Met police officer accused of sexually assaulting woman at home

Met police sign outside New Scotland Yard in central London
The court heard PC Fabian Aguilar-Delgado was new to the job when the incident happened on 24 May, 2020. He denies a single charge of sexual assault. Photograph: Shaun Curry/AFP/Getty Images

An on-duty Metropolitan police officer sexually assaulted a woman at home after a call to deal with a domestic incident, a court has heard.

Southwark crown court, south London, heard the alleged assault occurred after PC Fabian Aguilar-Delgado, 40, offered to search her house in Croydon for her abusive ex-partner while his colleague was in the car outside.

Aguilar-Delgado, who was new to the job and had not been issued with a body-worn camera, denies a single charge of sexual assault.
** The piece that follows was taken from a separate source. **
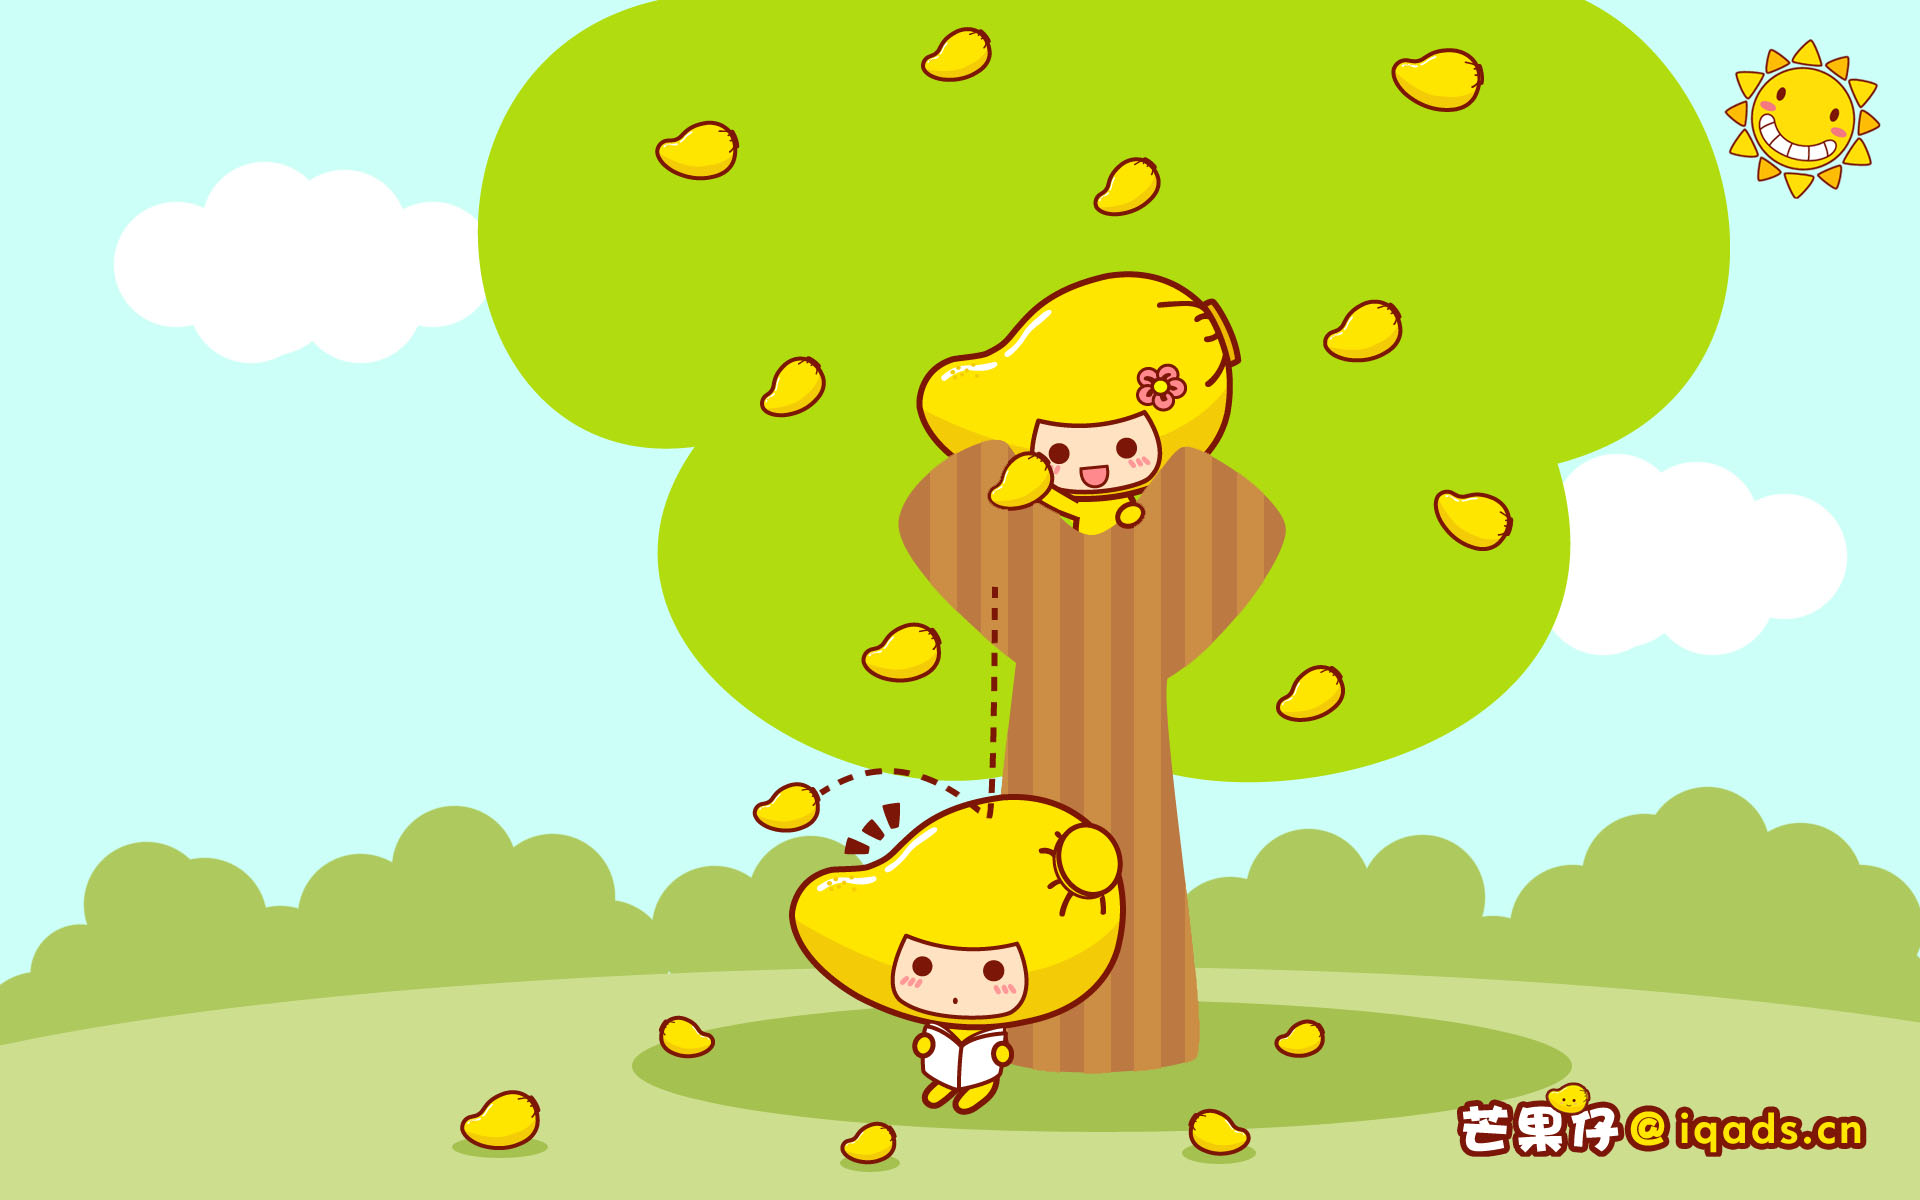 Mango Fruit Tree Images Wallpaper Cartoon Picture Of Mango Tree 1920x1200 Wallpaper Teahub Io Download mango tree images and photos. mango fruit tree images wallpaper

In a recorded police interview played to the court, the woman, who cannot be identified, said she was “tipsy” after drinking three-quarters of a bottle of wine when Aguilar-Delgado “groped” her at the top of the stairs on 24 May, 2020.

The woman said he forced himself on her, kissing her mouth and breasts. The court heard the woman wrote down her phone number and took it out to the car to give to Aguilar-Delgado, from Crawley, West Sussex, because she thought he might want to see her but his colleague returned it.

The woman added: “I was scared to say anything, then I tried to back out of it because I thought: ‘This is the police you are dealing with.’

“But then I thought: ‘If he’s done that to me, has he done it to anyone else?’”

The court has heard that Aguilar-Delgado’s DNA was found on swabs on the complainant’s right nipple and breast.

The woman, who jurors were told is alcohol-dependent, said she later called police to report being “touched up” by an officer because she felt she had been “violated”.

“I thought he might come and kill me or all the officers might gang up on me … and now I won’t even ring the police. I’m too scared.”

The woman denied lying about the incident under cross-examination, telling defence barrister Robert Morris: “I have been through so much domestic violence in my life, do you really think I want to come to court today about a police officer touching me up? No.

“This police officer did this to me.”

Morris suggested: “You are just lying about all this and making it up as you go along?”

The complainant replied: “So where has all the DNA come from then?”

The trial continues.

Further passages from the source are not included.